PROVIDED DATA:
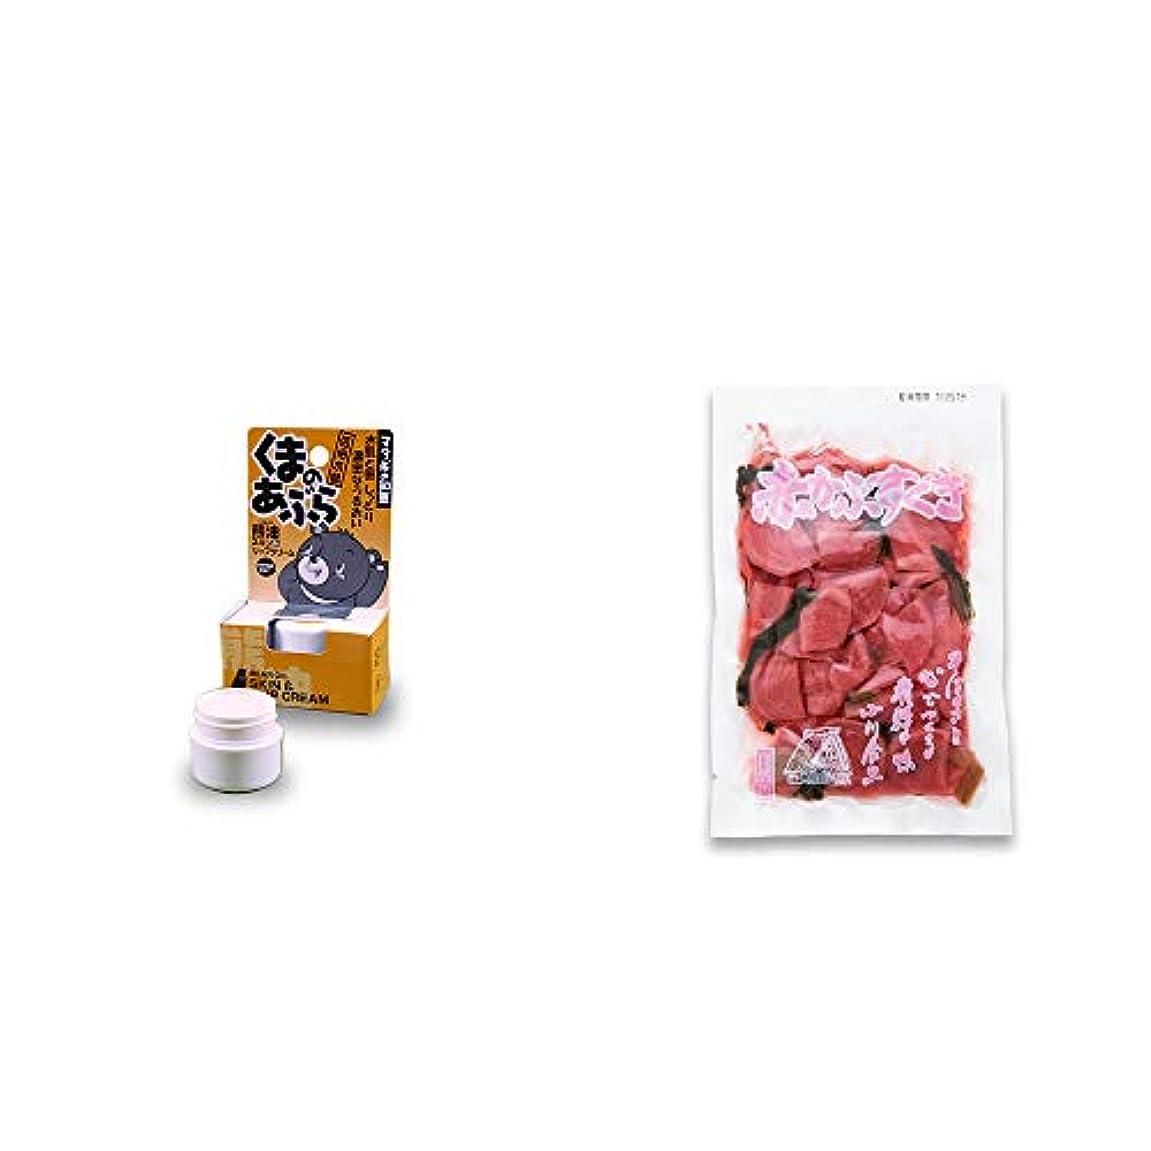 甥補体まとめる[2点セット] 信州木曽 くまのあぶら 熊油スキン&リップクリーム(9g)?赤かぶすぐき(160g)
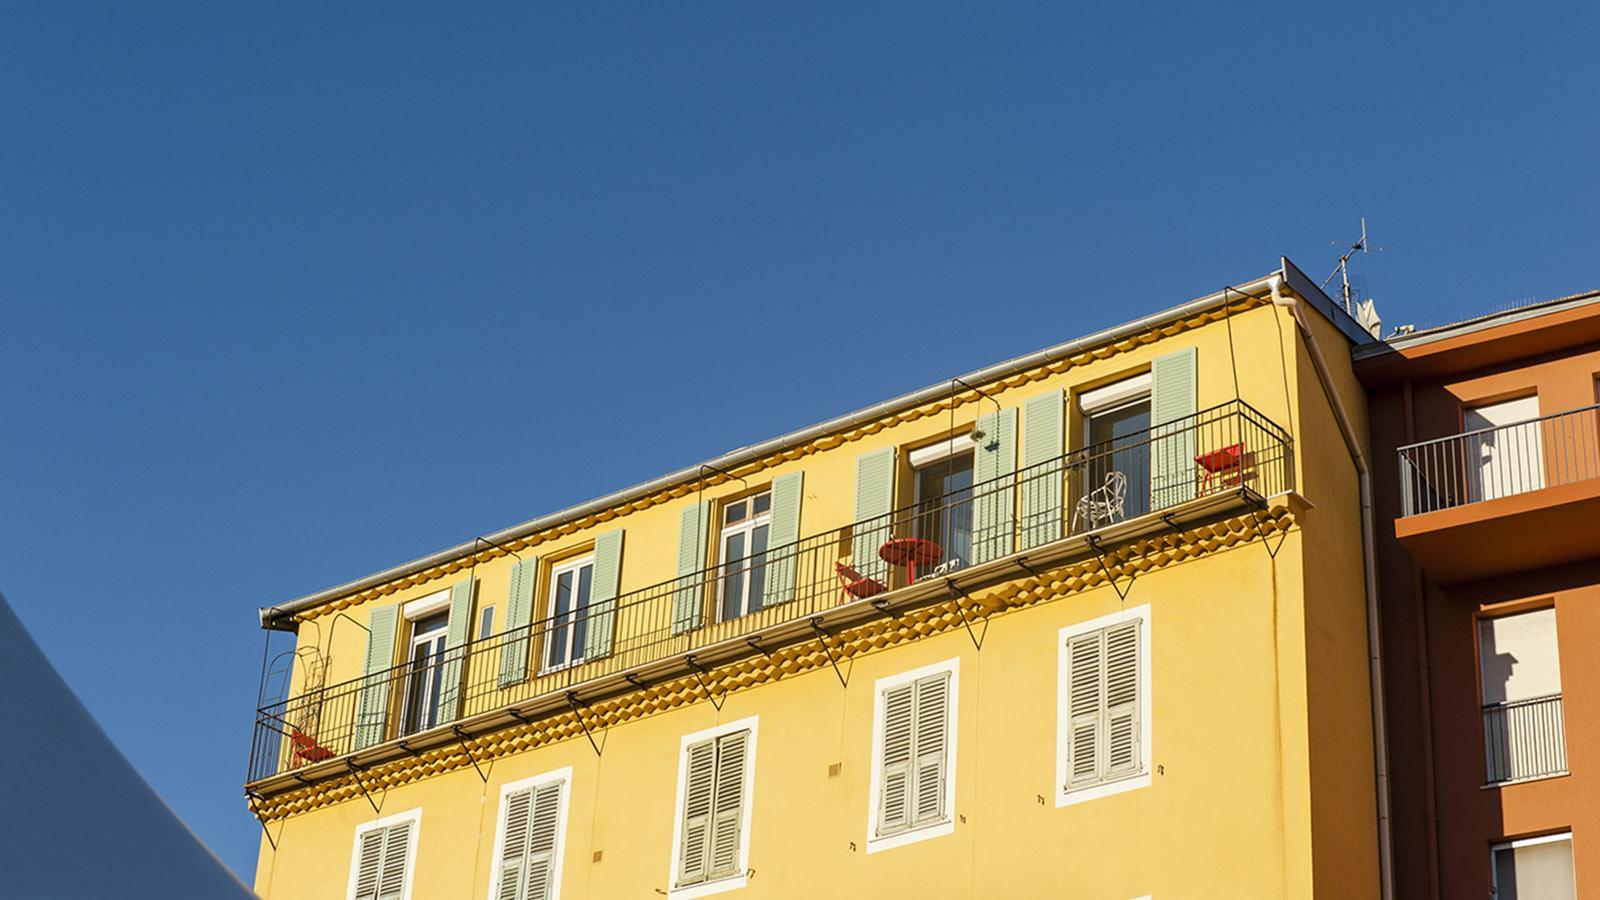 Die Genüsse von Nizza: Kürbisse in allen Farben und Formen gibt auf dem Wochenmarkt des Cours Saleya. Foto: Hilke Maunder
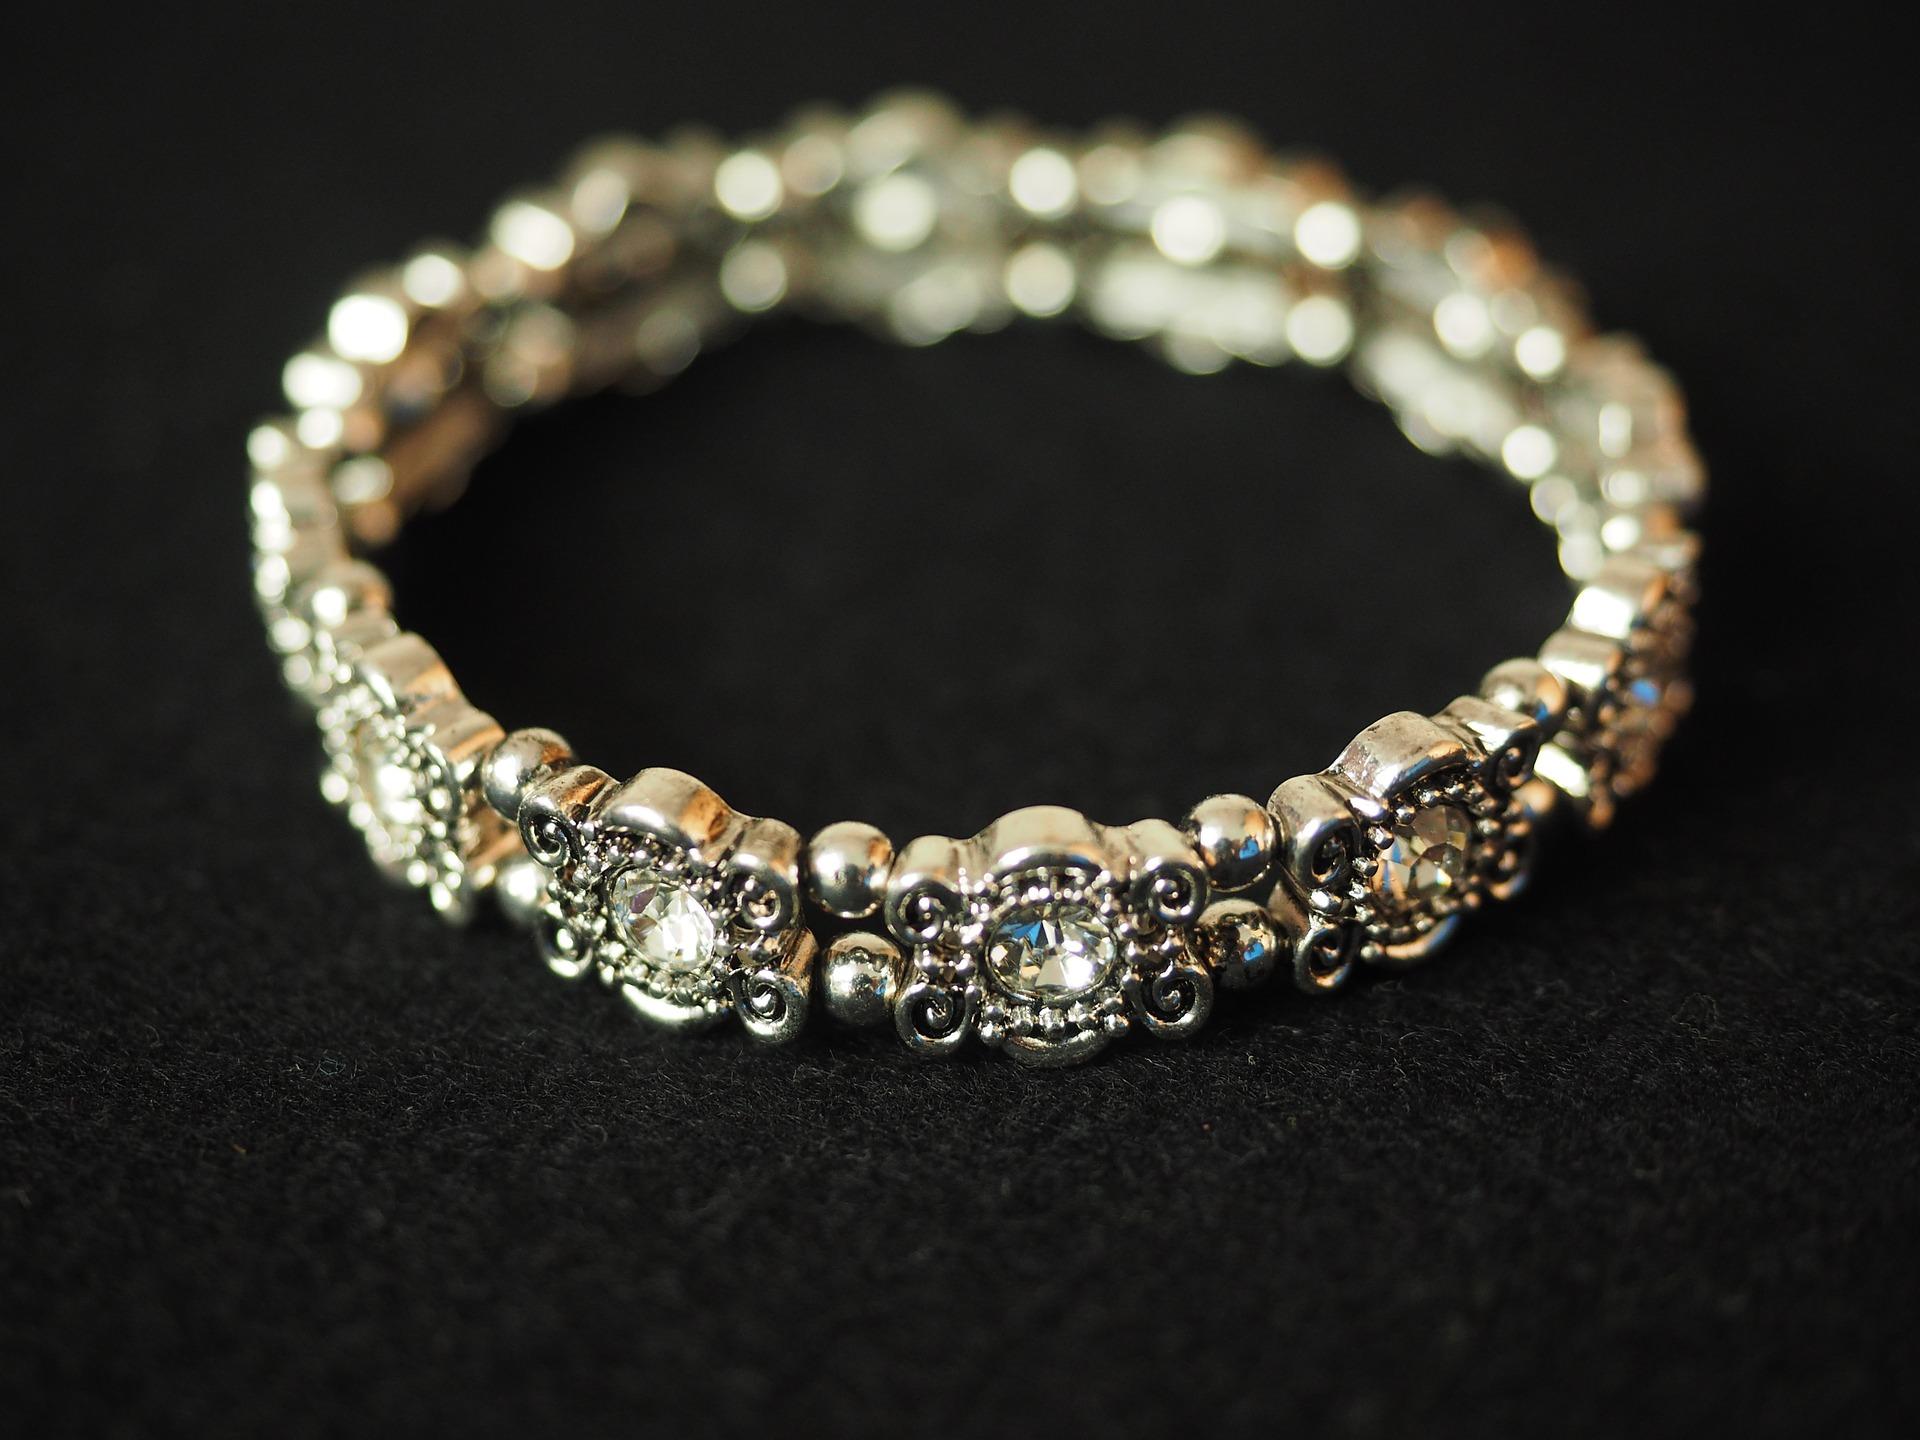 bracelet-671789_1920.jpg

EXERCISE OBJECTIVE:
Without the pictures, repeat exactly the lines running from the line containing "Die Genüsse von" through the end of the data, both ends included.

COMPLETED TASK:
 Die Genüsse von Nizza: Kürbisse in allen Farben und Formen gibt auf dem Wochenmarkt des Cours Saleya. Foto: Hilke Maunder
 bracelet-671789_1920.jpg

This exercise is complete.